AgentSkillsCN

tmux

在持久化的 tmux 会话中运行交互式 CLI,发送按键输入并读取窗口输出。适用于 Claude Code、Codex、GitHub Copilot CLI,或任何需要在多条命令间保持状态的 TUI/REPL 时使用。

SKILL.md
--- frontmatter
name: tmux
description: Run interactive CLIs in persistent tmux sessions by sending keystrokes and reading pane output. Use when Claude Code, Codex, GitHub Copilot CLI, or any TUI/REPL must keep state across commands.
argument-hint: <goal or command>

tmux

Use tmux when a task needs a persistent terminal state across tool calls.

Prerequisites

bash
tmux -V

If tmux is not installed, stop and ask the user to install it.

Why tmux for Agents

tmux sessions survive SSH drops, terminal closes, and laptop sleep.
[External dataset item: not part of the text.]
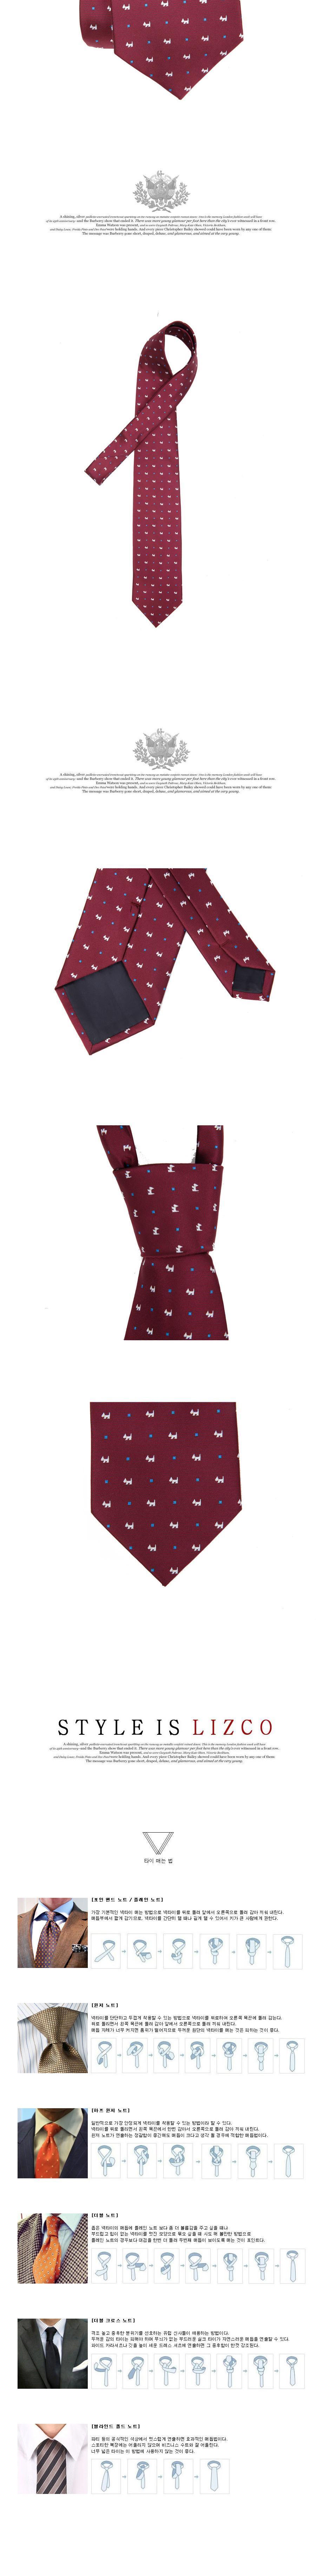 LTIE-045 도트강아지넥타이 (솔리드) 네이비.와인(와인칼라일시품절) 와이셔츠넥타이 남자넥타이 넥타이선물 넥타이 패션넥타이 솔리드넥타이 패션잡화 패션소품 타이 정장넥타이

This makes them ideal for AI agent workflows:

  • Persistence — a long-running build or test suite continues even if your terminal disconnects.
  • Detach/reattach — reconnect to a session hours later and see full scrollback.
  • Isolation — each agent gets its own session with independent state.
  • Observability — attach from another terminal to watch an agent work in real time.

Socket Convention

Use a dedicated socket directory:

bash
SOCKET_DIR="${VIBES_TMUX_SOCKET_DIR:-${TMPDIR:-/tmp}/vibes-tmux-sockets}"
mkdir -p "$SOCKET_DIR"
SOCKET="$SOCKET_DIR/vibes.sock"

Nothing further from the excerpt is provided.